Data below:
● ● ● ●

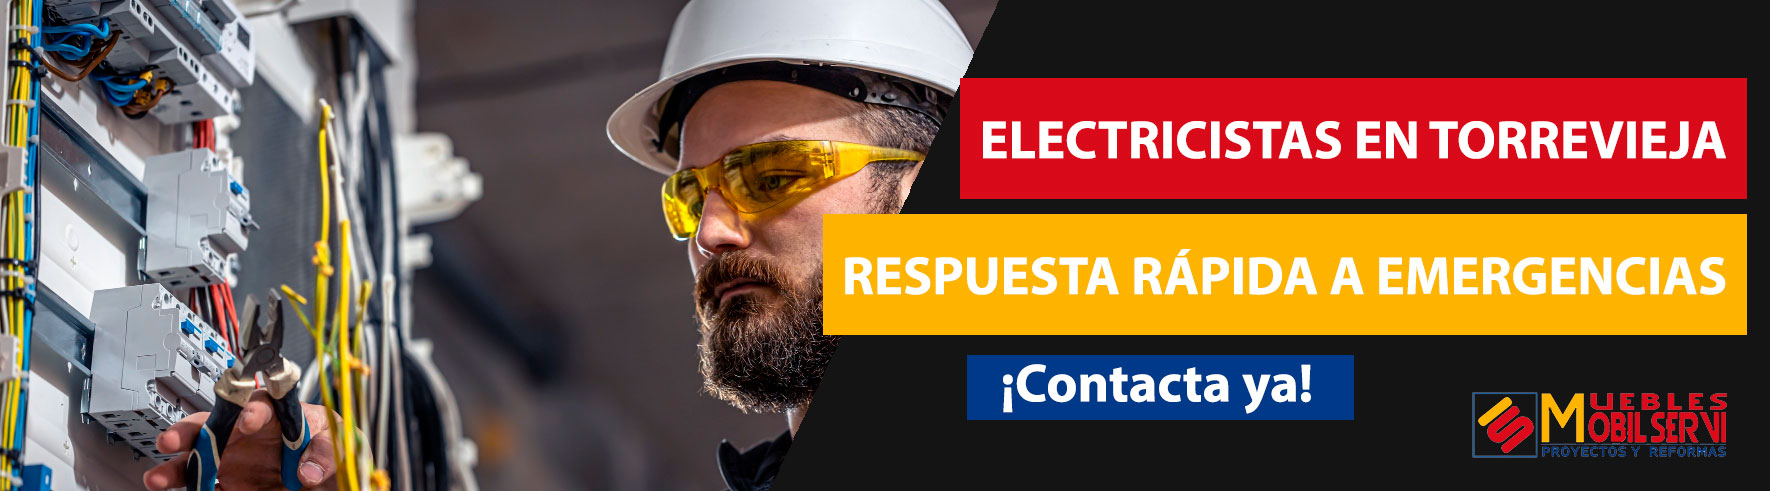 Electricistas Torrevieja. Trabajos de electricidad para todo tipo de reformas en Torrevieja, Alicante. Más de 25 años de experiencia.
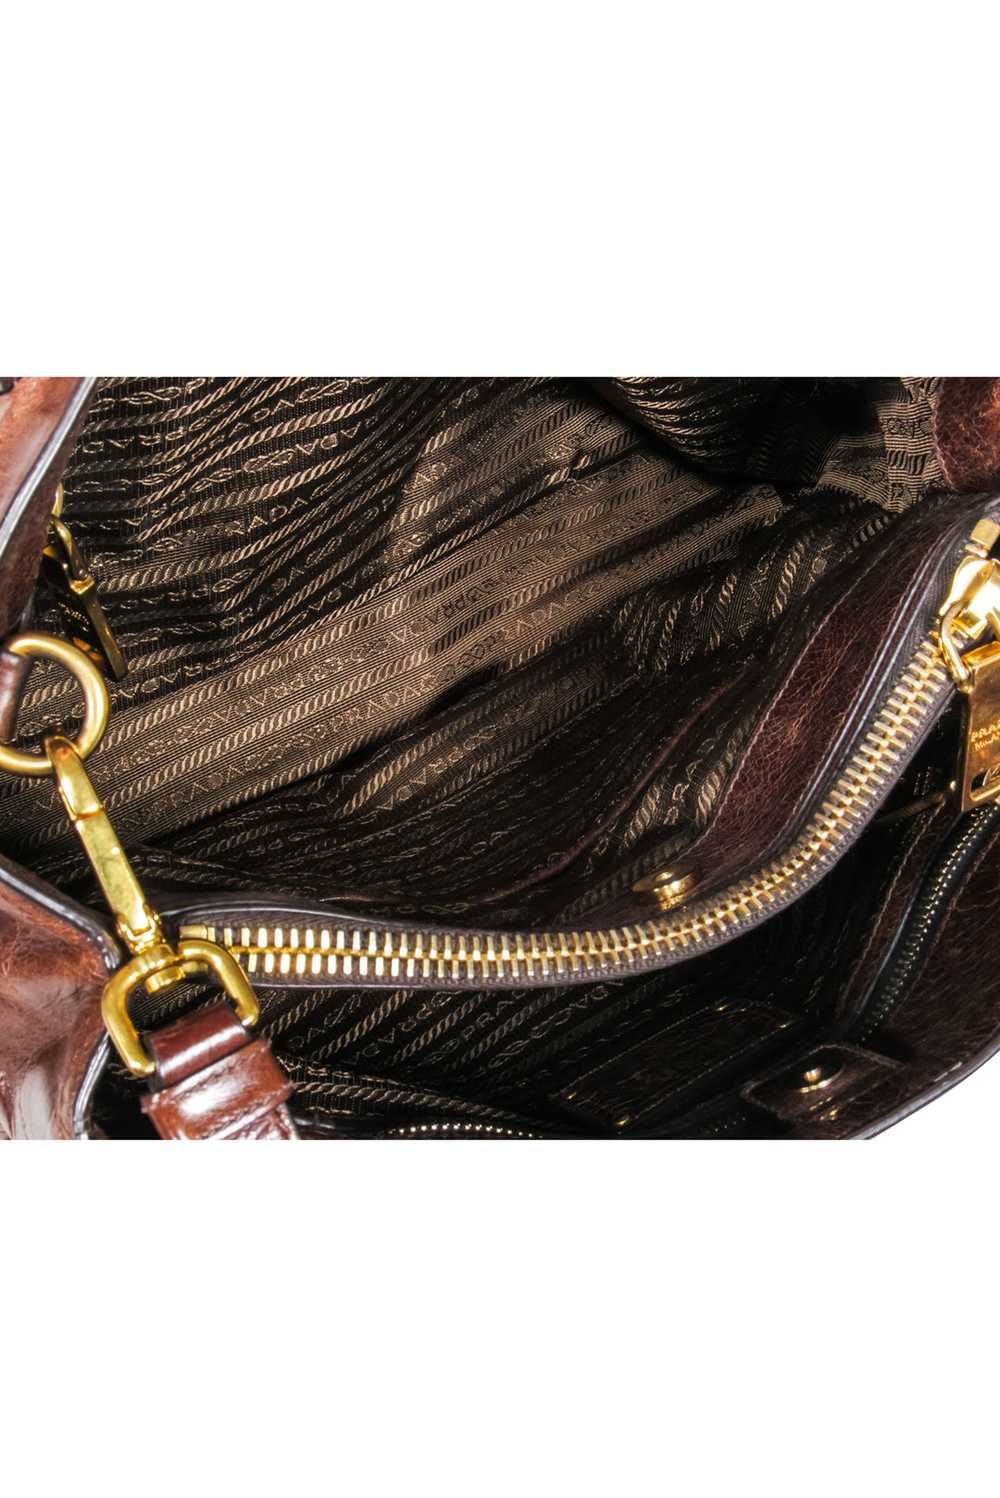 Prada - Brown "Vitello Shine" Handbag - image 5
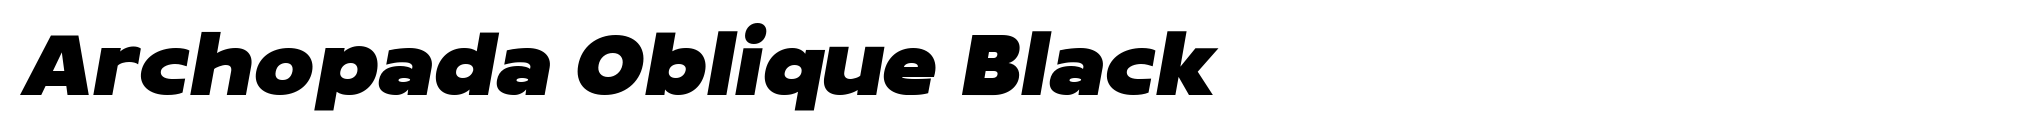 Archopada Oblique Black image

● ● ● ●

What the exercise asks: Transcribe the data exactly, minus any images.

Result:
 Electricistas Torrevieja. Trabajos de electricidad para todo tipo de reformas en Torrevieja, Alicante. Más de 25 años de experiencia.
 Prada - Brown "Vitello Shine" Handbag - image 5
 Archopada Oblique Black image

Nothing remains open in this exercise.